** Material provided **
========================

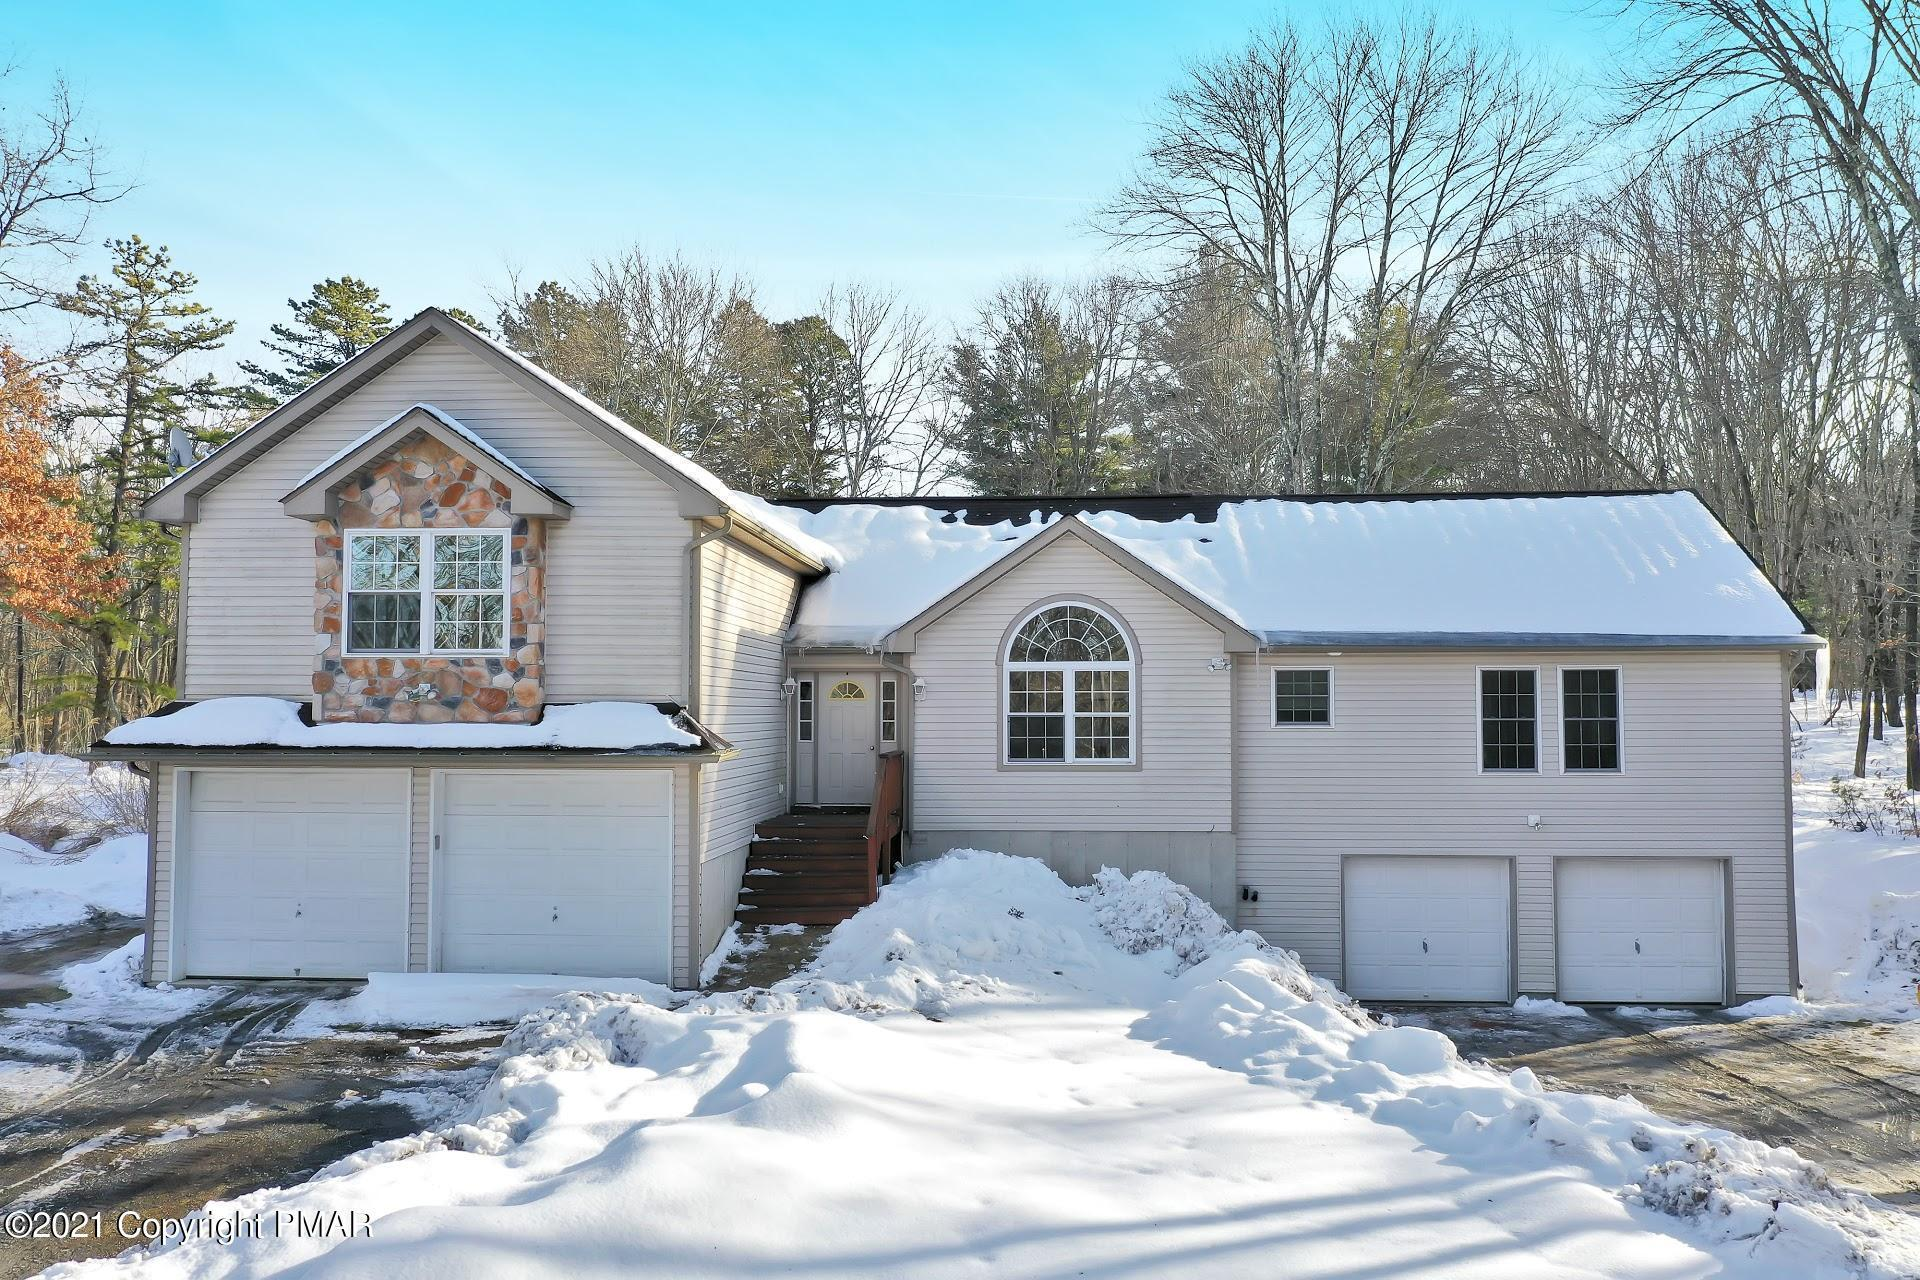 232 Cherry Lane Rd, Bartonsville, PA 18321
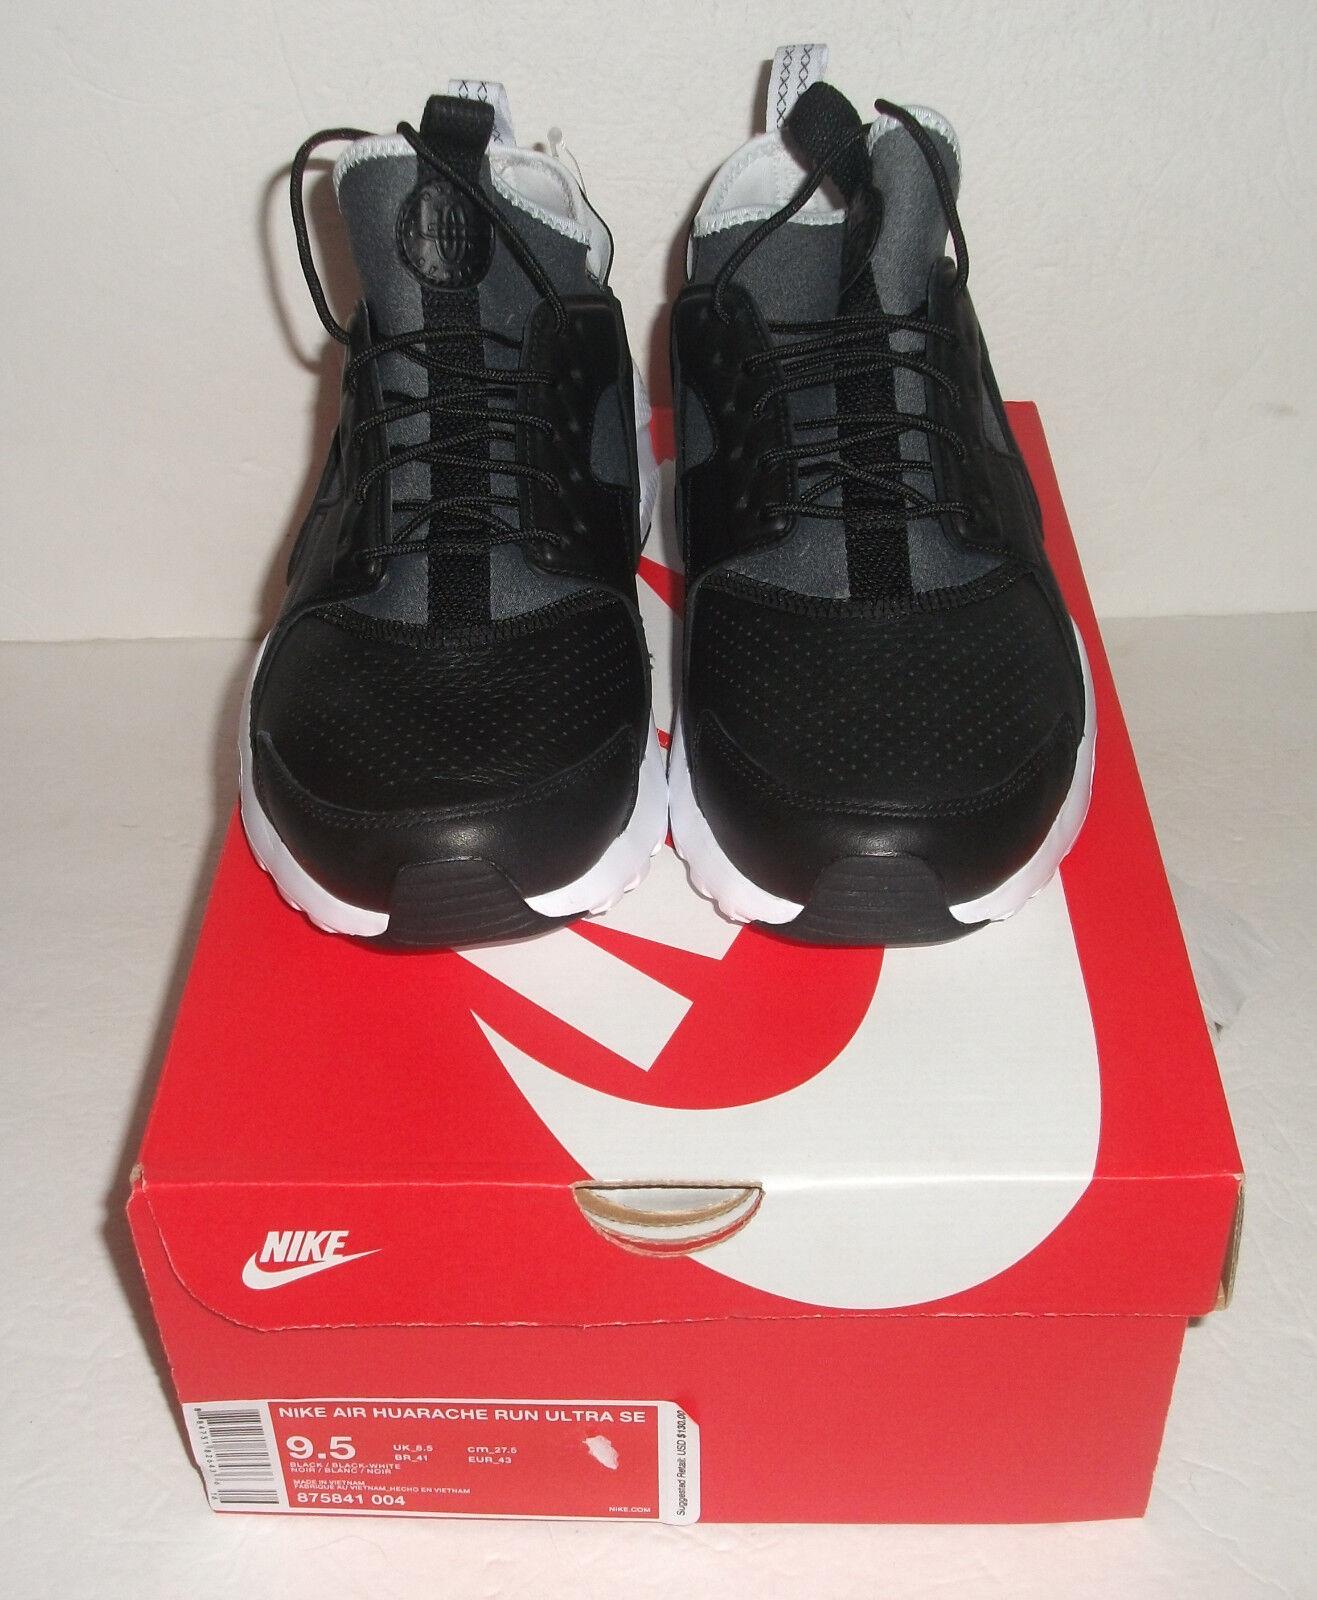 New Nike Air Huarache Run Ultra SE Running, Men's Size 9.5, Black, 875841 004
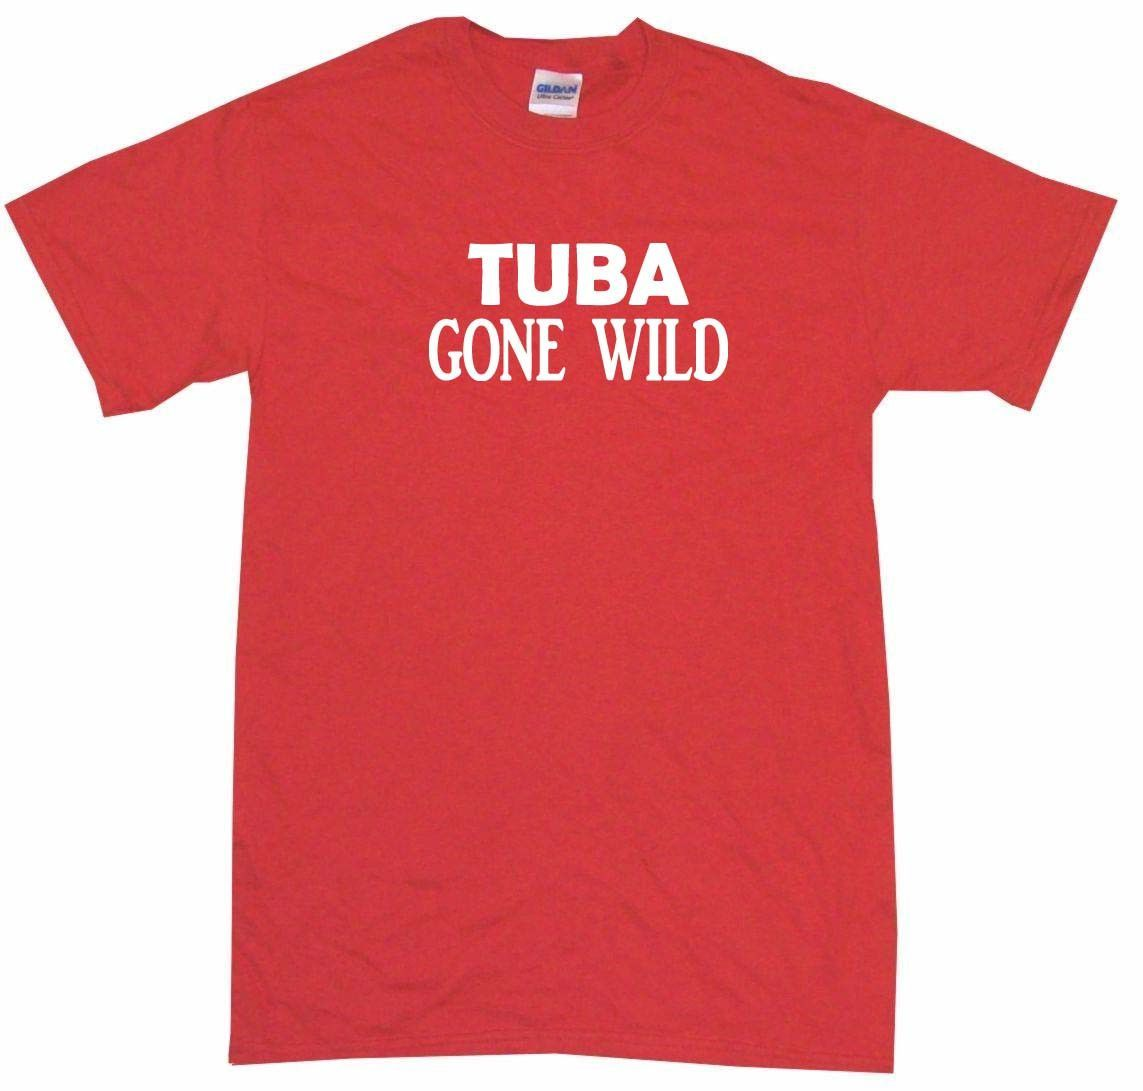 Tuba Gone Wild Tee Shirt OR Hoodie Sweat

========================

** Exercise description **
Could you print the data exactly as it appears and keep the pictures out?

** Solution to the problem **
 232 Cherry Lane Rd, Bartonsville, PA 18321
 New Nike Air Huarache Run Ultra SE Running, Men's Size 9.5, Black, 875841 004
 Tuba Gone Wild Tee Shirt OR Hoodie Sweat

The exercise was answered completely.